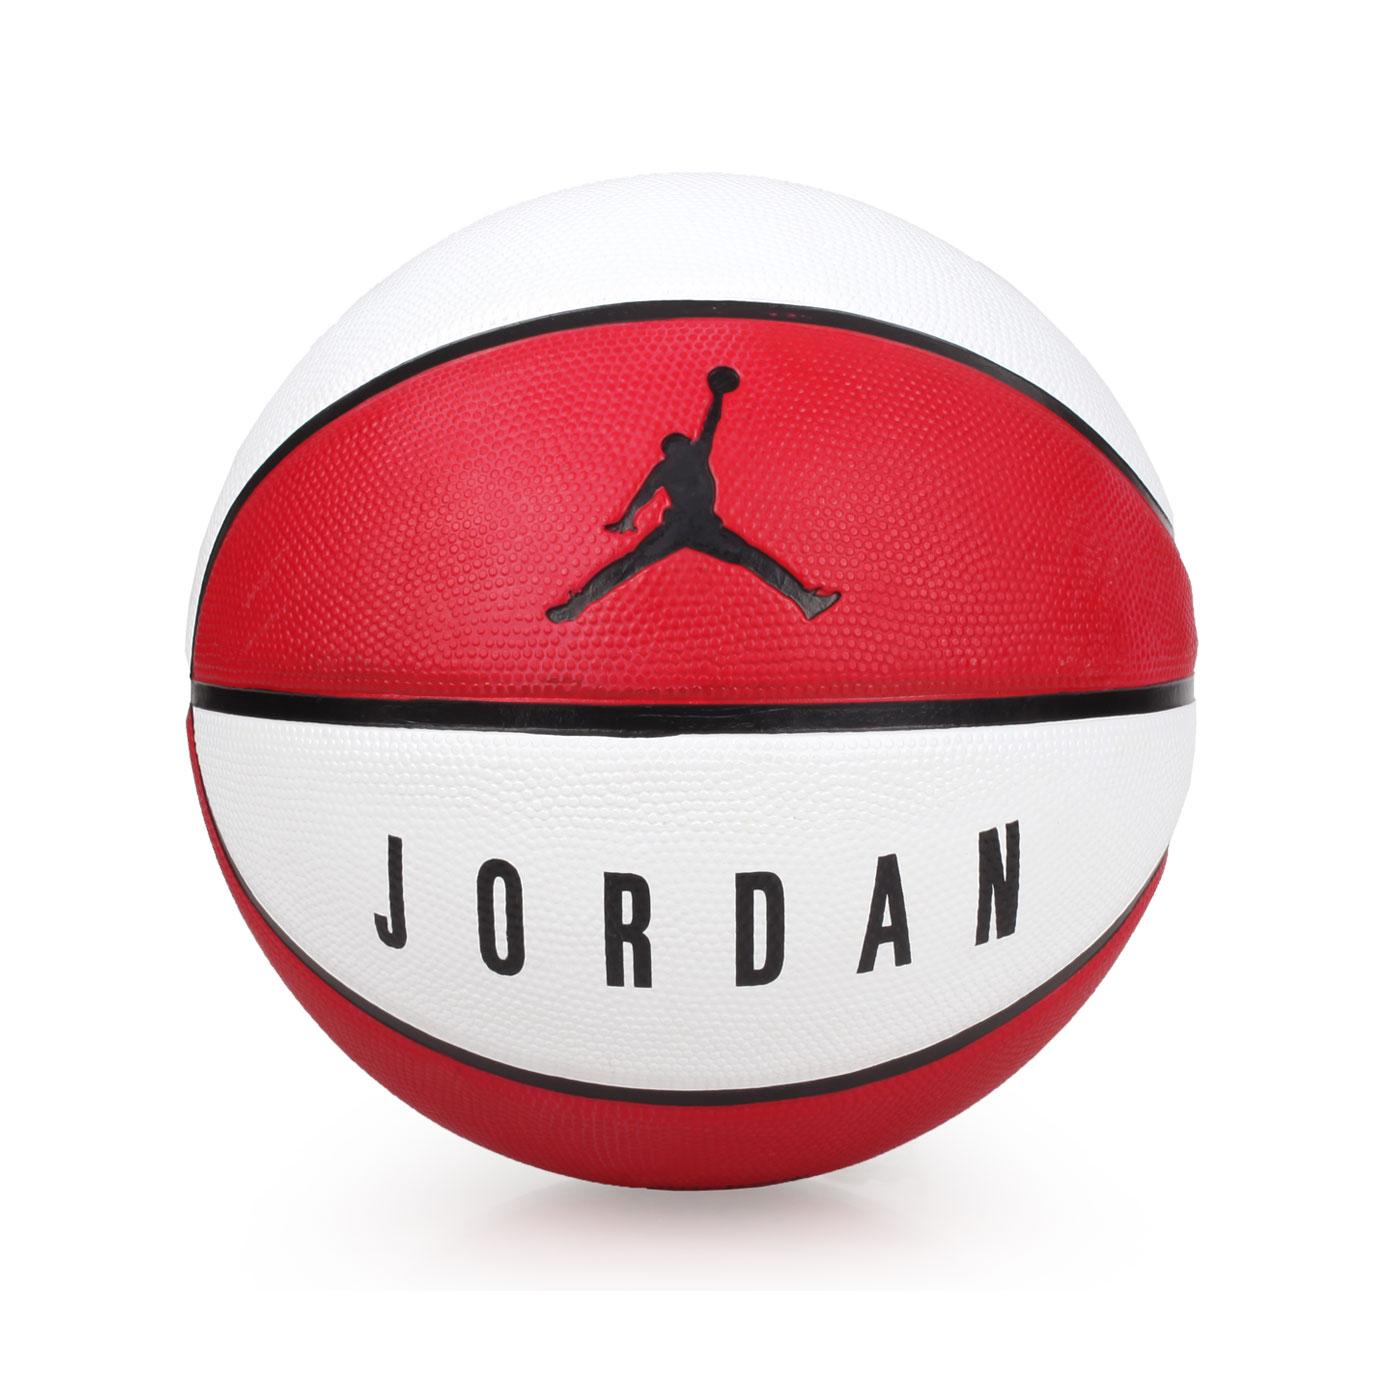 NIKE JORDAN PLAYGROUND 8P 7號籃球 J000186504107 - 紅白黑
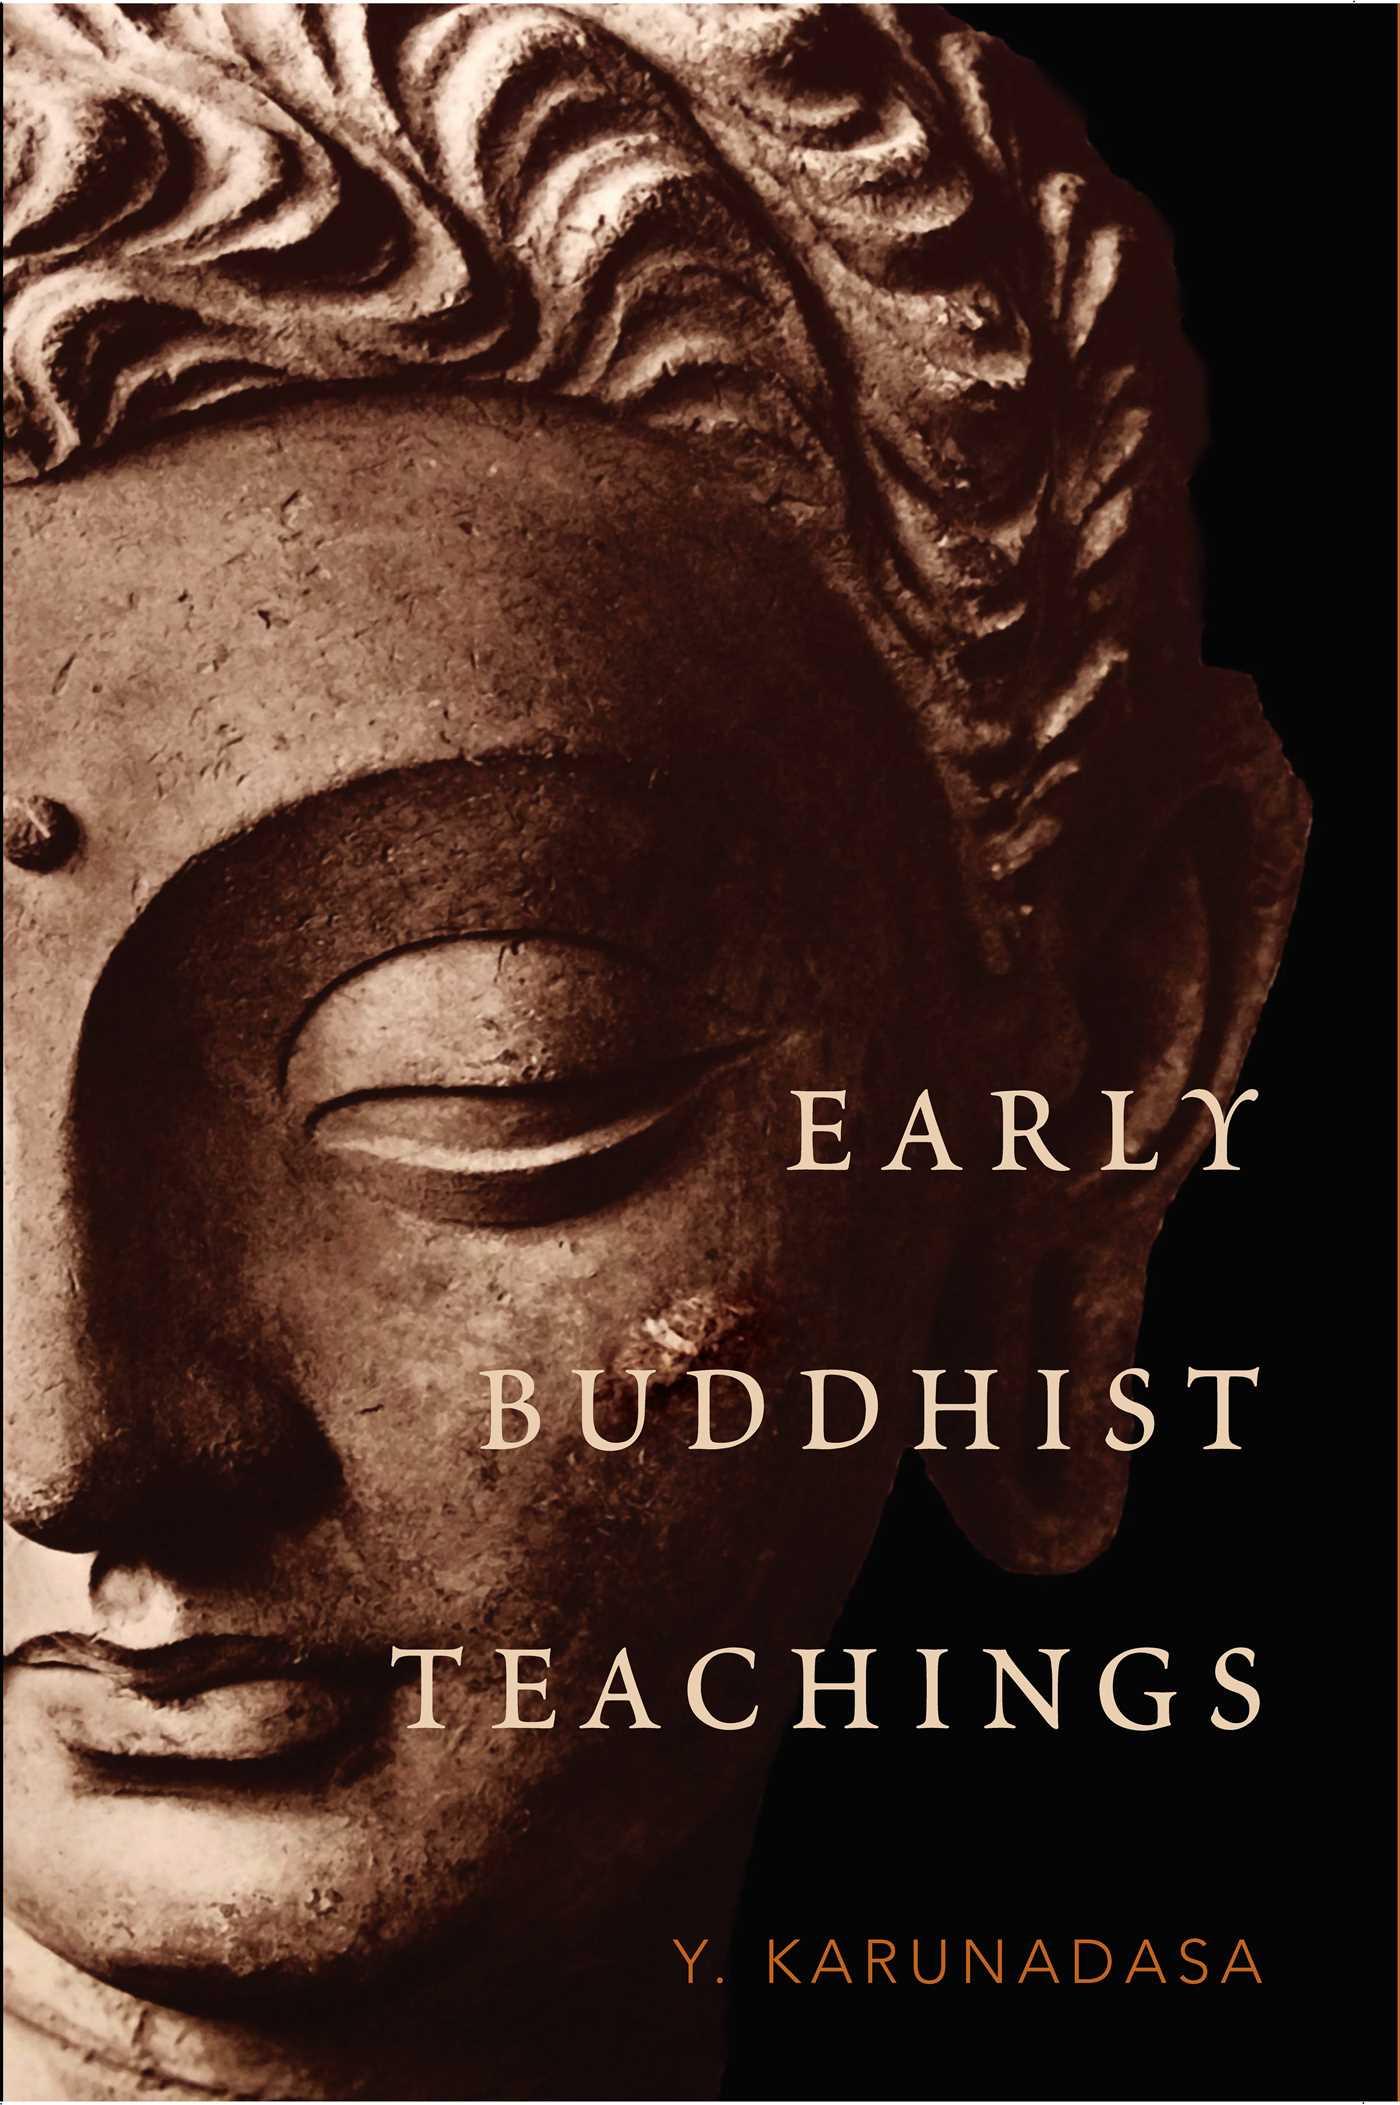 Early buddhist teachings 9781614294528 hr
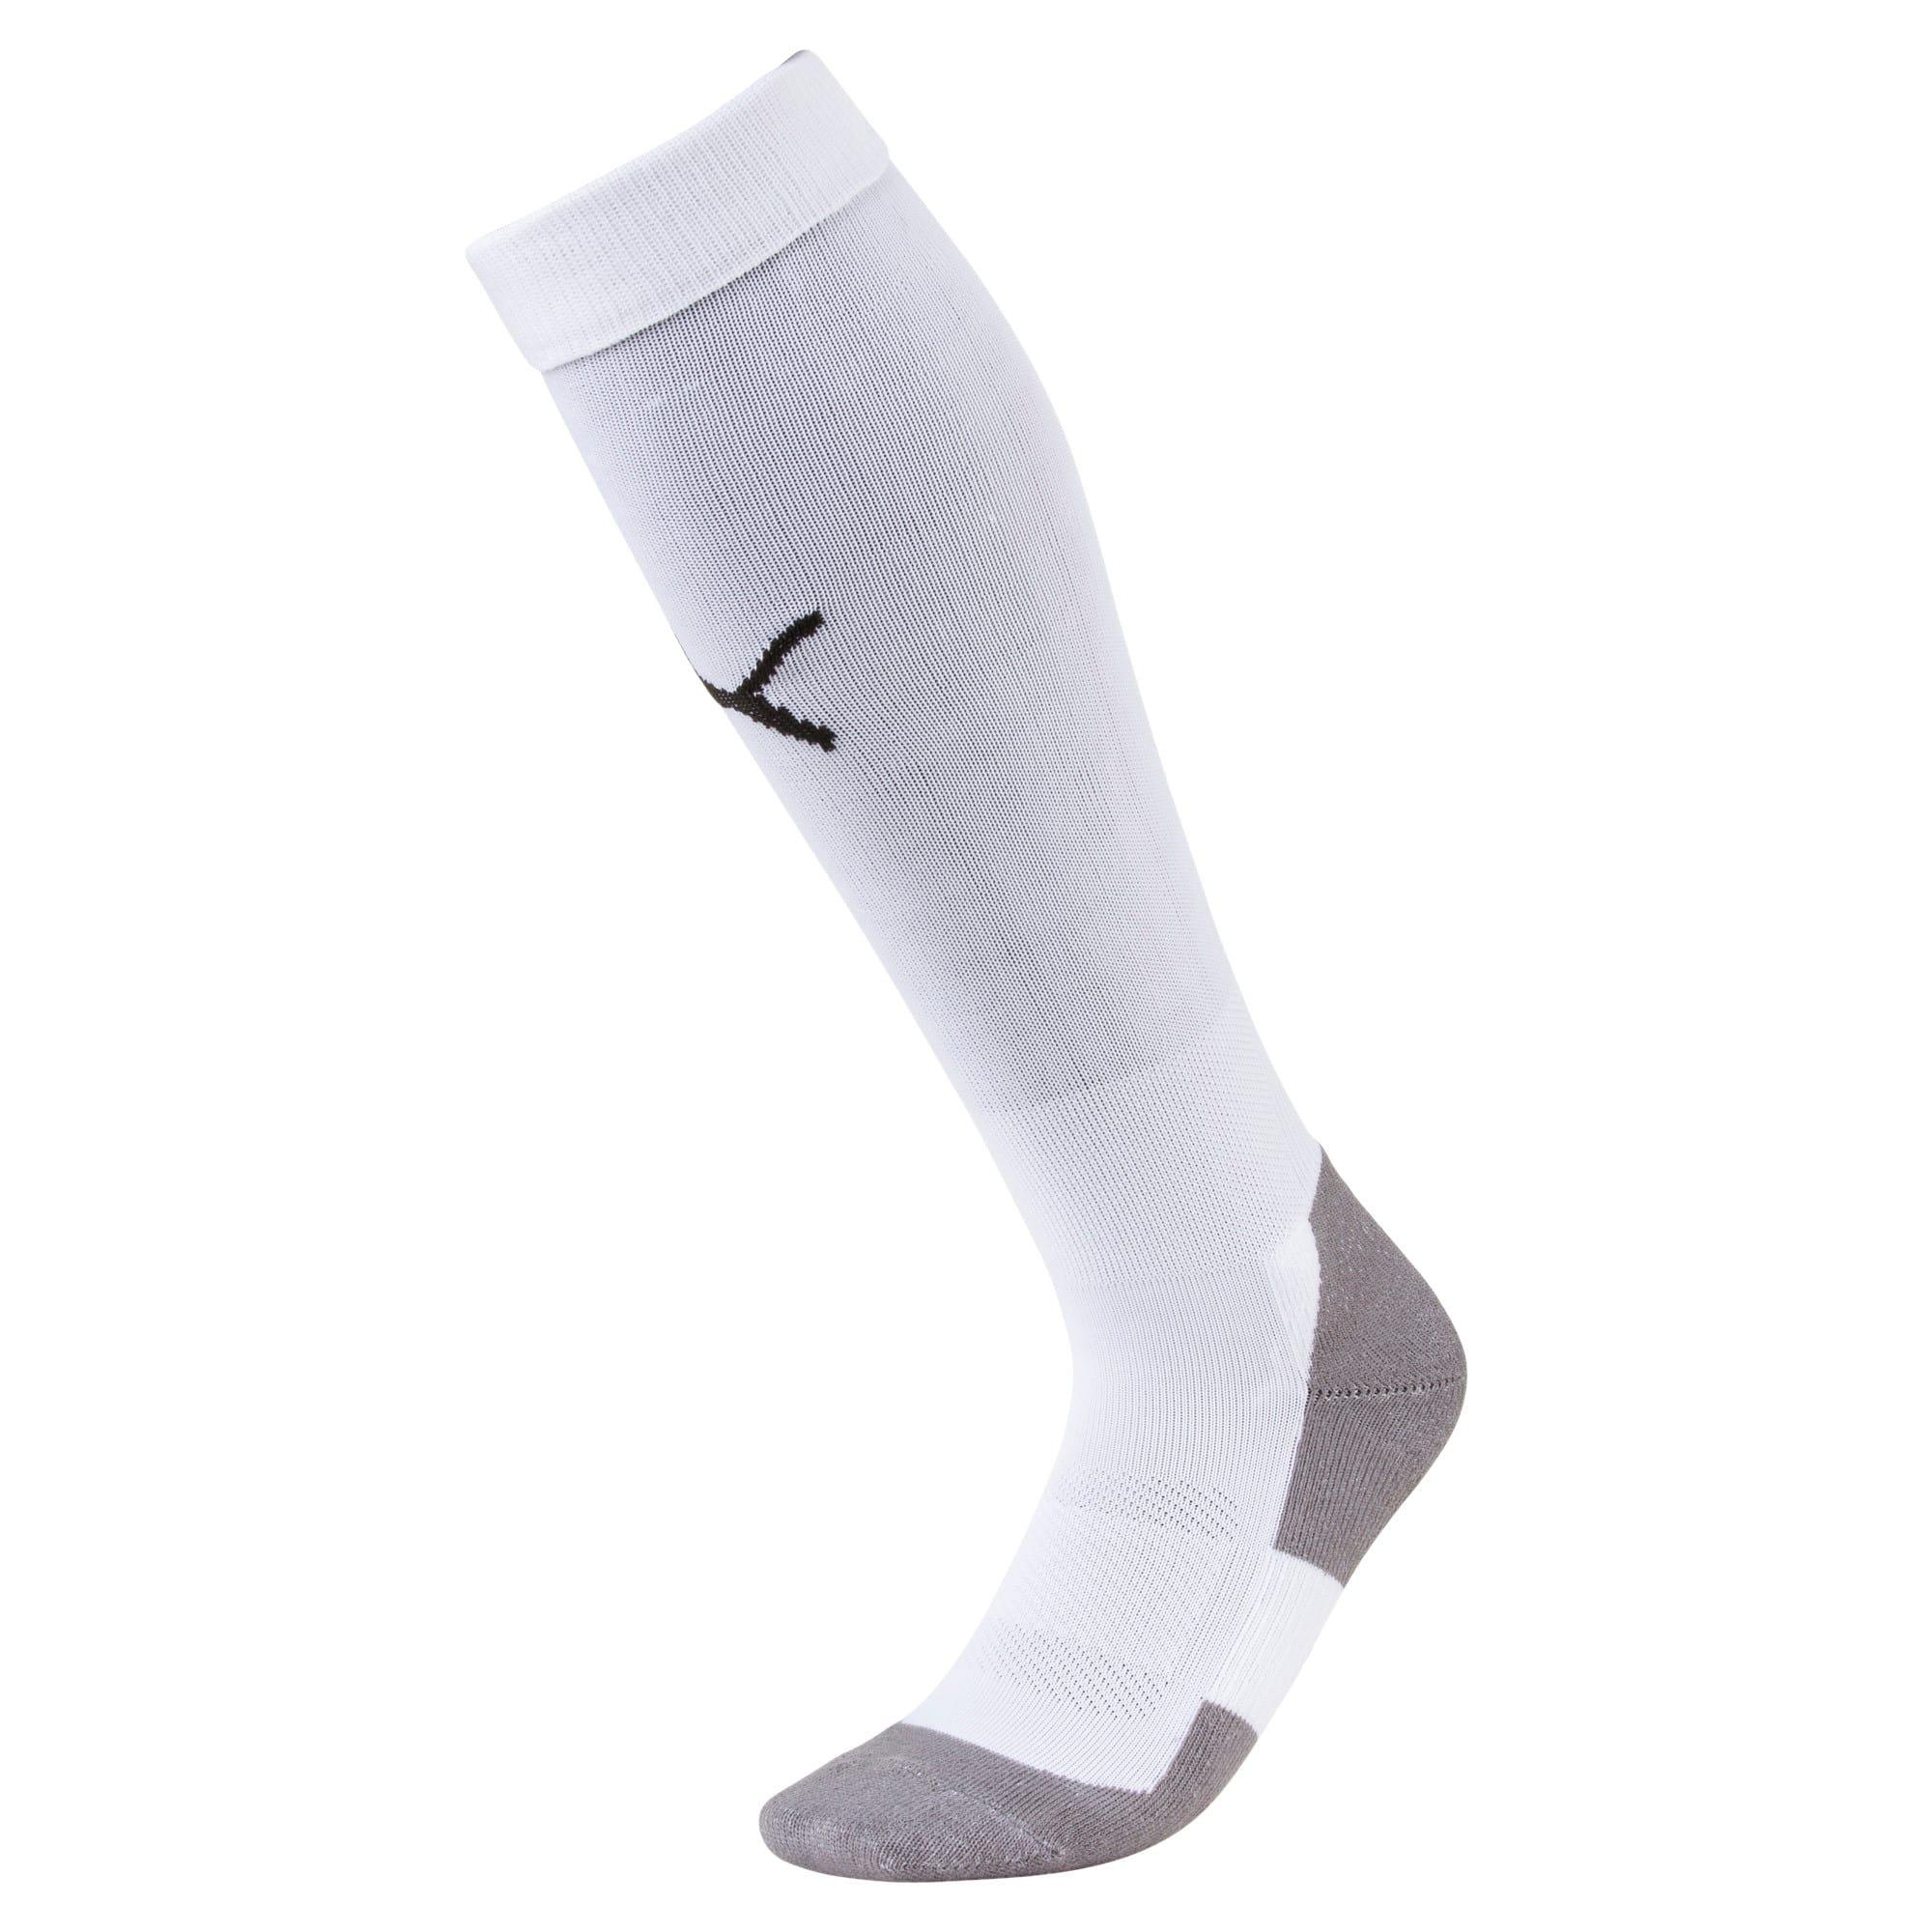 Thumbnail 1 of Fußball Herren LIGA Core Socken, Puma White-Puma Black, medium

Exercise:
Exact repetition of the material above is required, with the images removed.

Expected answer:
 NIKE JORDAN PLAYGROUND 8P 7號籃球 J000186504107 - 紅白黑
 Early buddhist teachings 9781614294528 hr
 Thumbnail 1 of Fußball Herren LIGA Core Socken, Puma White-Puma Black, medium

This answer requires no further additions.